Ведь всего и делов-то — установить истину; честно, объективно, беспристрастно. И принять ее, какой бы она ни была, и не пытаться уничтожить ее субъективными интерпретациями. Неважно в данном случае, что оправдание одного жалкого, неумного иноверца Бейлиса может в перспективе подорвать реноме всей гигантской империи, всей ее следственной и судебной машины; вольно ж было этой империи ставить всю свою мощь на такую сомнительную карту, как слух о еврейских кровавых жертвоприношениях! Неважно, что на стороне Бейлиса все либералы, которые, честно говоря, особой симпатии не вызывают. Неважно даже, что против Бейлиса — весьма талантливые люди в диапазоне от профессора-физиогномиста Сикорского до публициста и философа Розанова. А только то и важно, что Мендель Бейлис, приказчик кирпичного завода крещеного еврея Зайцева, не убивал мальчика Андрюшу Ющинского, а убила его банда киевских воров по приказанию скупщицы краденого. Важно, что страшный тюк, лежавший у нее в комнате и не дававший ей заснуть по ночам, был ковер с завернутым в него телом Андрюши Ющинского. Что воры, на следующую ночь после убийства отправившиеся грабить аптеку, делали это исключительно для того, чтобы отвлечь следствие от главного преступления. Вот это важно — а не исторический, общественный или национальный контекст. И потому Короленко взялся за это дело — и выиграл его, не думая о том, что проистечет из этого для России. Россия сама виновата, если истина для нее убийственна.
6
Он умер в Полтаве 25 декабря 1921 года, в невеликом еще по нынешним временам возрасте, 68 лет от роду. И дальше с ним стало твориться непонятное.

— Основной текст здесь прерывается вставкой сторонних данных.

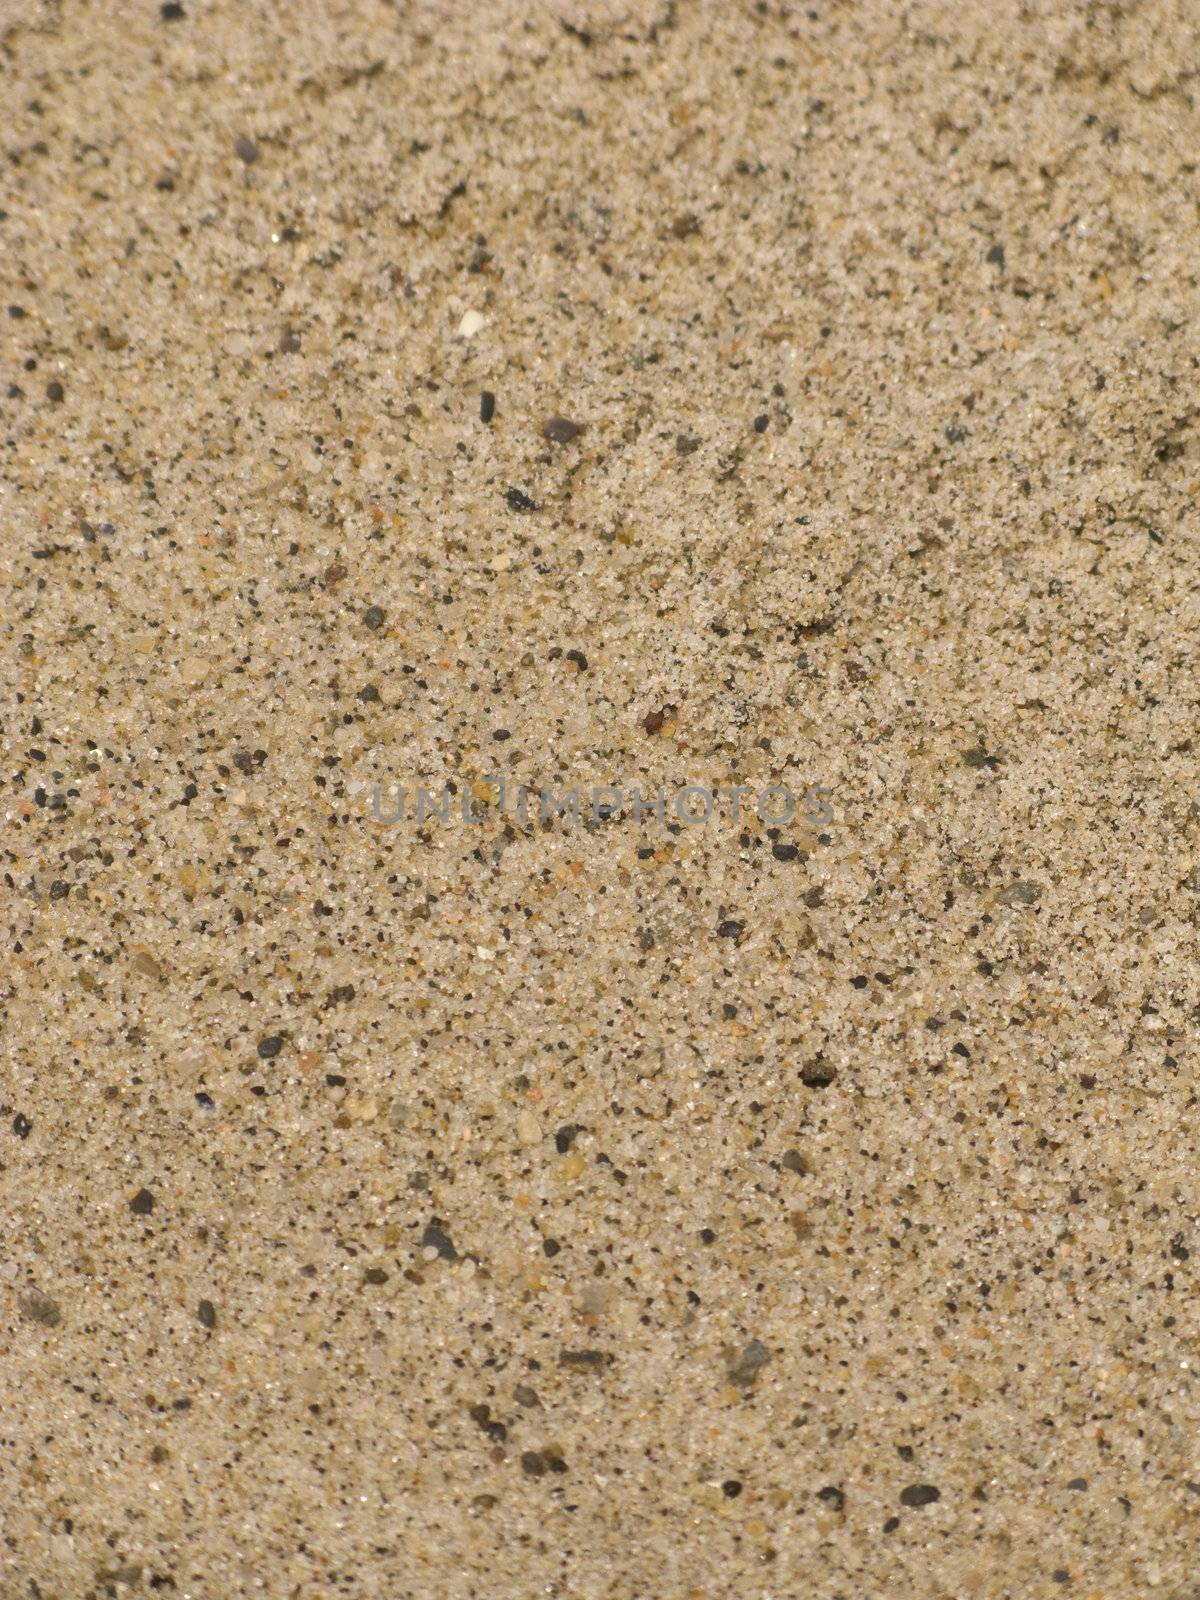 Natural Sand Texture from the Beach

Ленин писал Горькому еще во время гражданской войны, что хорошо бы Короленко посадить, если он не понимает смысла красного террора: ведь сравнительно небольшими жертвами можно избежать миллионных! Ленин плохо понимал, что в России эта арифметика не работает: начинают со сравнительно небольших жертв, заканчивают гекатомбами, и все во имя милосердия. Переписка Короленко с Луначарским не могла пройти даром обоим: Луначарский умер в опале, почетной дипломатической ссылке — и нет оснований сомневаться, что в конце тридцатых не уцелел бы,— а Короленко хоть и издавали, но два главных обстоятельства его биографии — участие в деле Бейлиса и письма в большевистскую верхушку с описанием беззаконий на местах — старательно замалчивались. В результате издавались и переиздавались как раз слабейшие его тексты, а главные оставались в тени (последнюю переписку в СССР вообще не печатали до 1987 года). Поскольку на первый план в истории русской общественной мысли выдвинулся задним числом марксизм — которого в девятисотые годы большая часть интеллигенции попросту не принимала всерьез, увлекаясь куда более интересными учениями,— заслуги Короленко в редактировании «Русского богатства» тоже были известны единицам. Страсть к истине — вне страсти к выгоде — была объявлена объективизмом, абстрактным гуманизмом и много чем еще. Обаятельнейшая фигура русской прозы и истории была, по сути, оттеснена на дальнюю, пыльную полку.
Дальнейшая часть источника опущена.